Recent experimental work has shown that starvation (nutritional stress) affects the susceptibility of tsetse flies to trypanosome infection (Kubi et al
. 2006), and this is true for teneral and non-teneral flies (Akoda et al. 2009a
), as well as for the offspring of nutritionally stressed female tsetse (Akoda et al. 2009b
). The results of the global sensitivity analysis effectively underline the possible implications of these findings for the epidemiology of human Trypanosomiasis, because the susceptibility of tsetse was consistently identified as an important factor for R0
. That is, periods of nutritional stress that increase susceptibility of flies above what is normally reported would be predicted to have a large effect on R0
. These same results also give broad support for control strategies aimed at further increasing refractoriness in flies (Durvasula et al. 1997
; Rio et al. 2004
), suggesting that changes to this parameter may in fact be enough to bring R0
below 1. Although such methods may be a long way from being applied in the field, they are attractive to consider because the statement applies to both East and West African sleeping sickness.

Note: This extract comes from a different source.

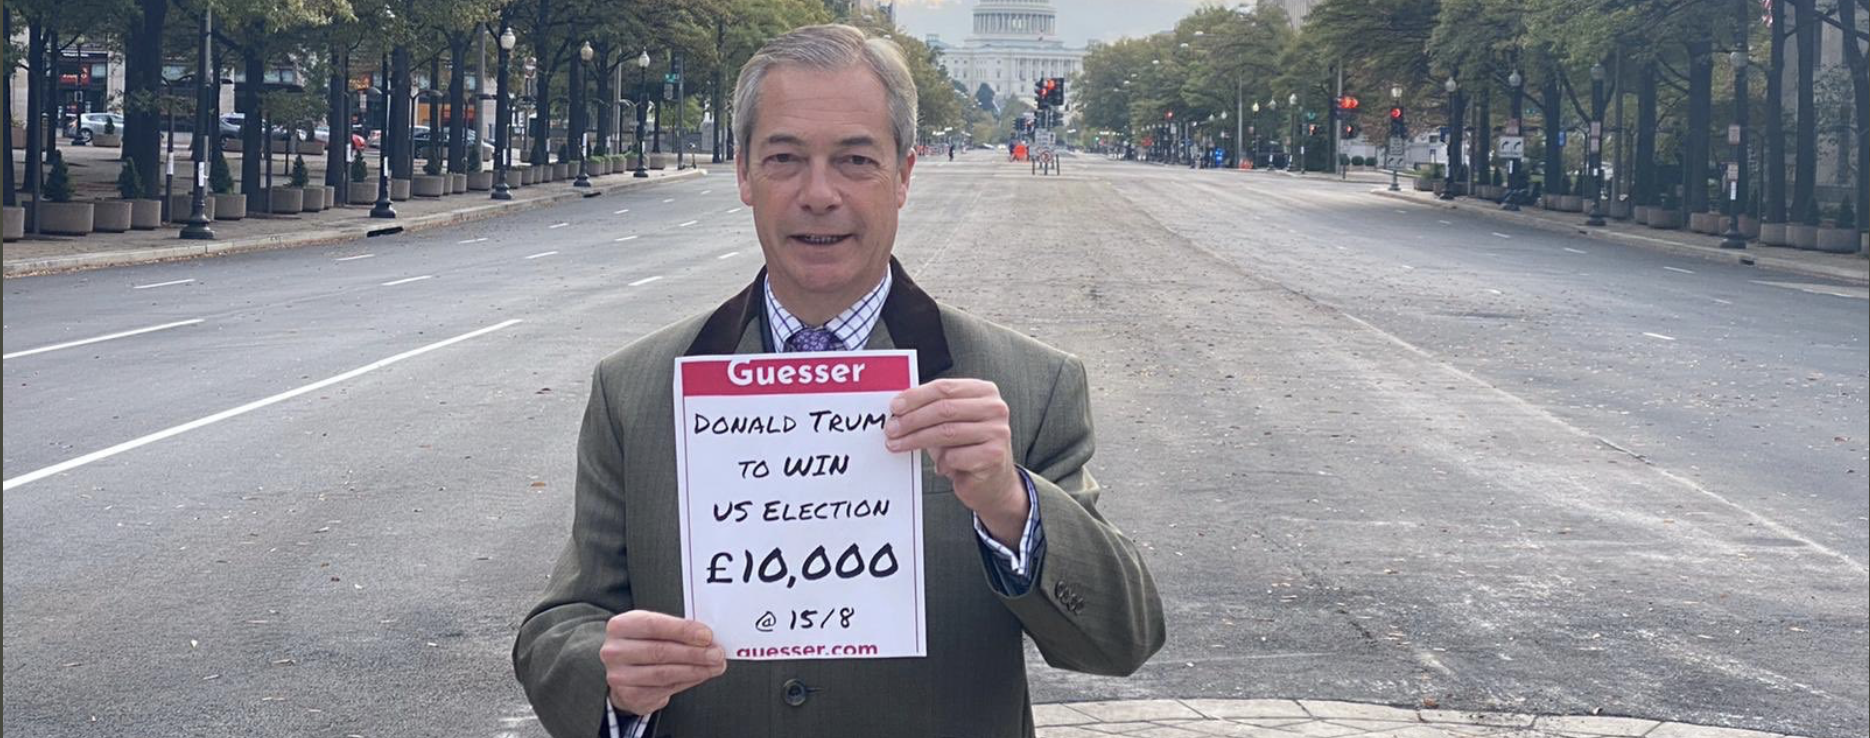 Een foto van Nigel Farage met een briefje over de weddenschap.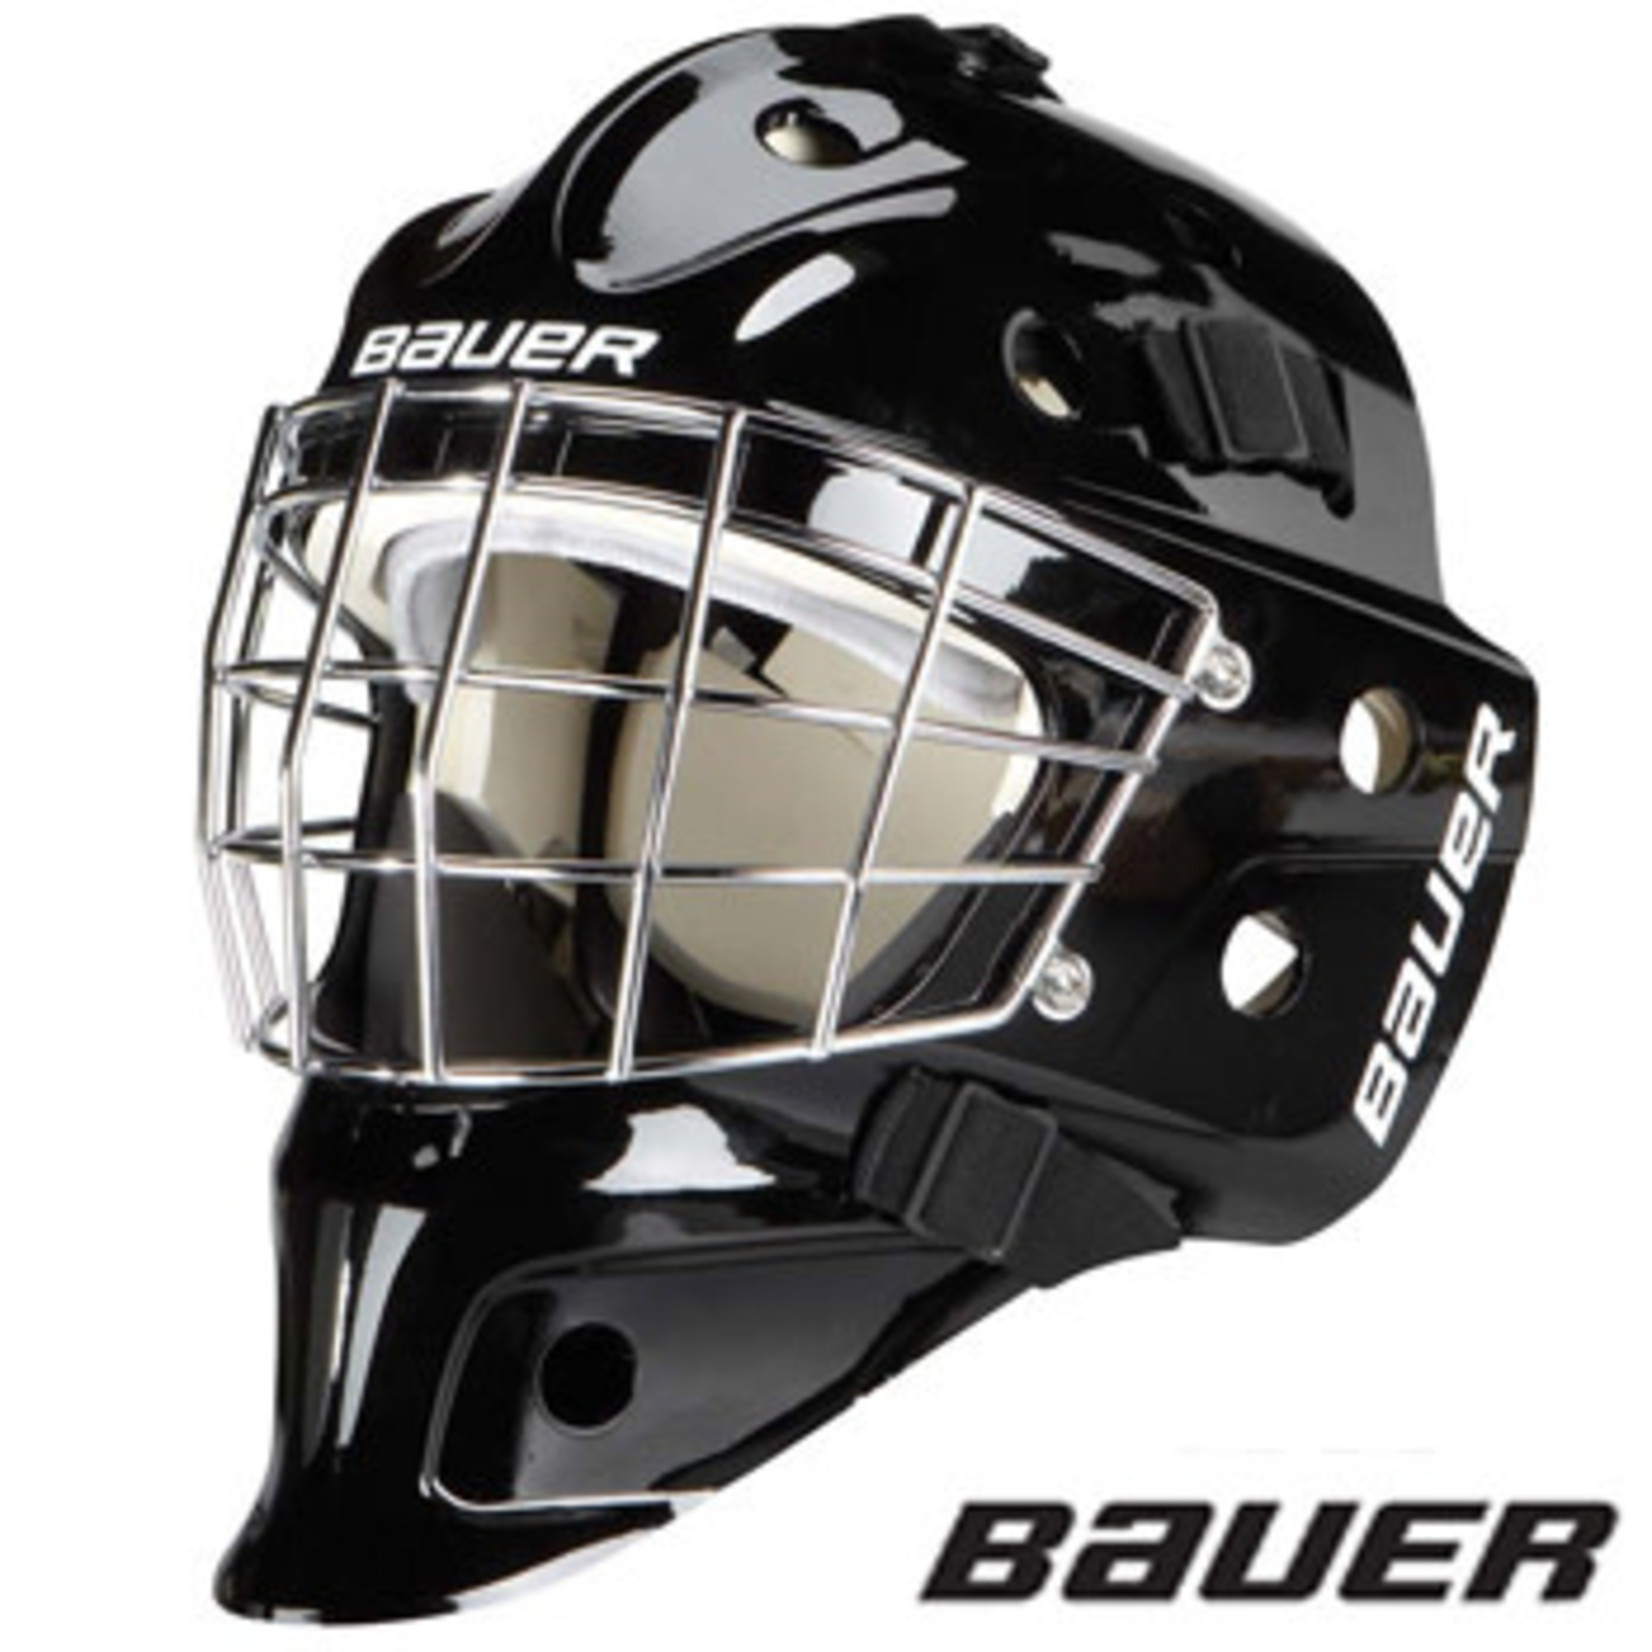 Bauer NME 3 Goalie Mask SR 22"-2.4" (7-7 1/2)

Finally, we note that flies carrying mature infections (infective to humans) have been found to have reduced survival such that infectivity to humans comes at a high cost to the parasite (Welburn and Maudlin, 1999
). Such a relationship between infectivity and maturation exacerbates the already narrow window of infectiousness that is a weakness in the transmission cycle. This may explain the moderate sensitivity values in the model results for mean survival of tsetse. These results suggest that sustained tsetse control (that lowers the mean survival of flies over a period of years) should have strong effects on sleeping sickness. Lowering the mean survival narrows the window of opportunity for infectious flies and decreases the likelihood that a fly will live long enough to become infectious at all. It also does not require that tsetse be eliminated altogether, effectively sidestepping the problems associated with achieving eradication.